I think not. After we pass a constitutional amendment that requires Greg Roman to be Lamar Jackson's permanent offensive coordinator, can we pass one that says we need at least one "team that rushes 80% of the time vs. team that passes 80% of the time" bowl game per year?
The fifth Celebration Bowl kicks off in Atlanta on Saturday. The MEAC leads the SWAC in the overall series 3-1, and by "the MEAC," I mean North Carolina A&T. The Aggies beat Alcorn State in 2015, Grambling in 2017 and Alcorn again in 2018, and the only time they didn't qualify for the game (NC Central beat them in 2016) was the only time the MEAC lost.

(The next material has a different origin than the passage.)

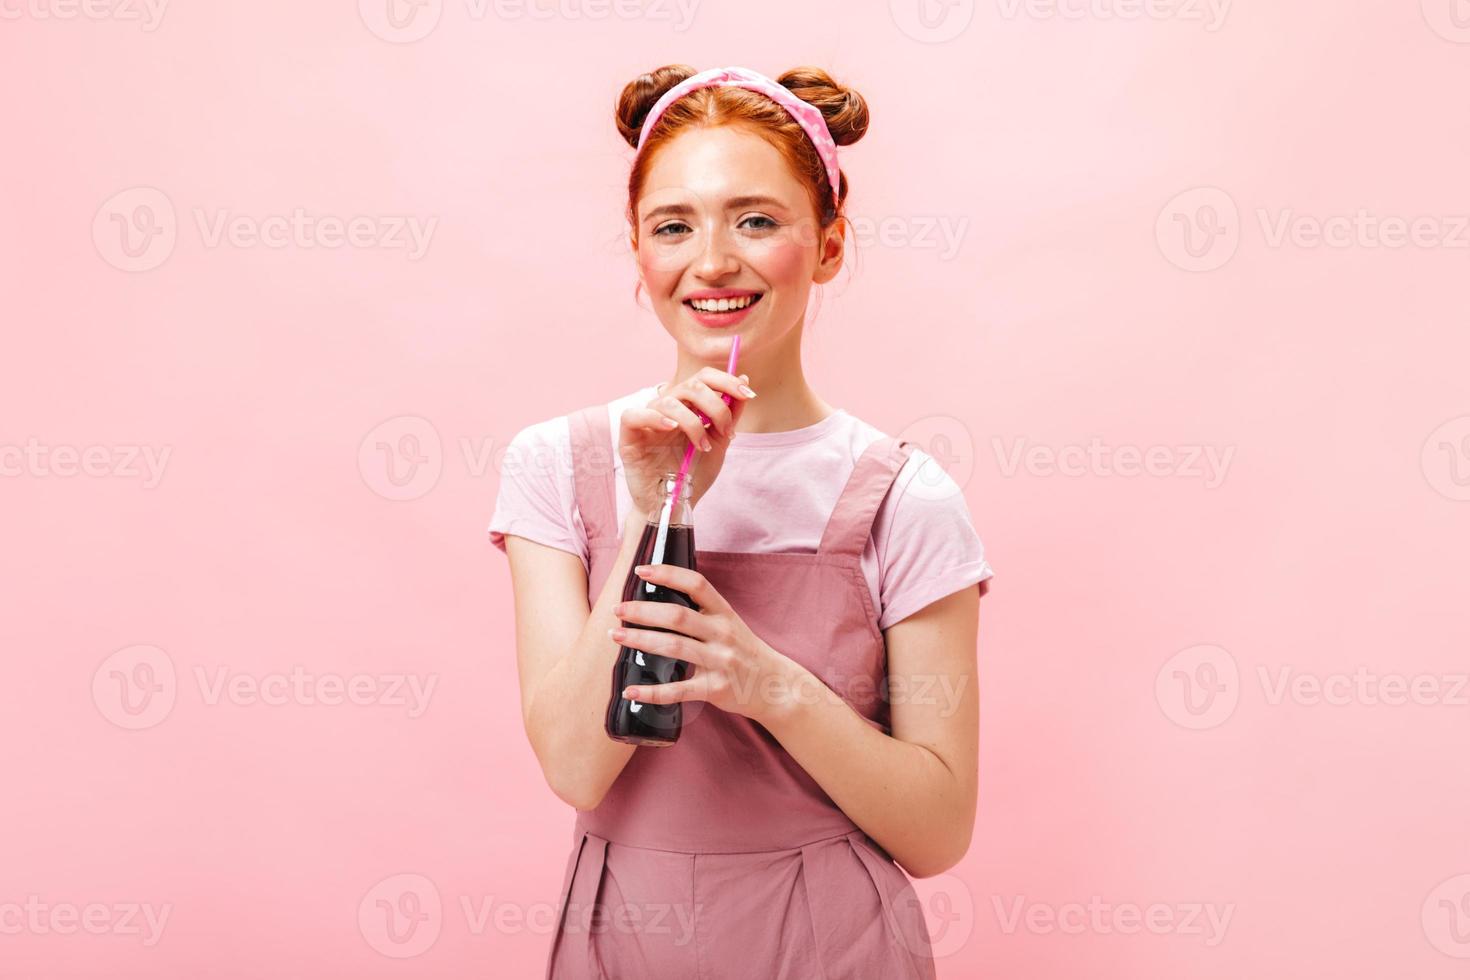 jovem alegre de vestido rosa mostra sinal de paz, sorri e segura garrafa de refrigerante no fundo rosa foto

New blood in this game would probably be nice at some point -- a Southern vs. Florida A&M game, for instance, would break the "most beautiful combined uniform color combinations in a bowl" scale (and get two more spectacular bands involved) -- but Alcorn gets a third shot at the HBCU kings. The Braves won the SWAC, while A&T qualified from the MEAC because conference champion Florida A&M was banned from the postseason.
A late run of solid form pushed Alcorn ahead of A&T in my FCS SP+ ratings -- the Braves are 17th, the Aggies 20th. SP+ gives Alcorn a 0.6-point advantage, while Vegas has marked A&T as a slight favorite. This is a toss-up, in other words, which makes sense: Every Celebration Bowl so far has been decided by a touchdown or less. It has quickly become one of the most surefire great games on the bowl slate.
As is customary, we've got a few games involving either first-time or first-time-in-a-while bowlers. Charlotte's first bowl experience also kicks off bowl season -- Will Healy's 49ers face Lance Leipold's Buffalo Bulls (who are still looking for their first bowl win) in Friday's Makers Wanted Bahamas Bowl. On Friday evening, Kent State plays in its first bowl in seven years, and only its fourth ever, against Utah State in the Frisco Bowl.
On Saturday, Liberty's first bowl experience comes against Georgia Southern in the Cure Bowl. On Dec. 30, Illinois plays in its first bowl in five years, facing Cal in the potentially Cheez-It-like Redbox Bowl.
Bowls are unpredictable beasts to begin with, but when you have a team that's really, really happy to have qualified at all, they become even more unpredictable. Do they play the whole game in fifth gear? Did they check out two weeks ago? Regardless, if you're looking for extra rooting interests this bowl season, these teams aren't a bad place to start.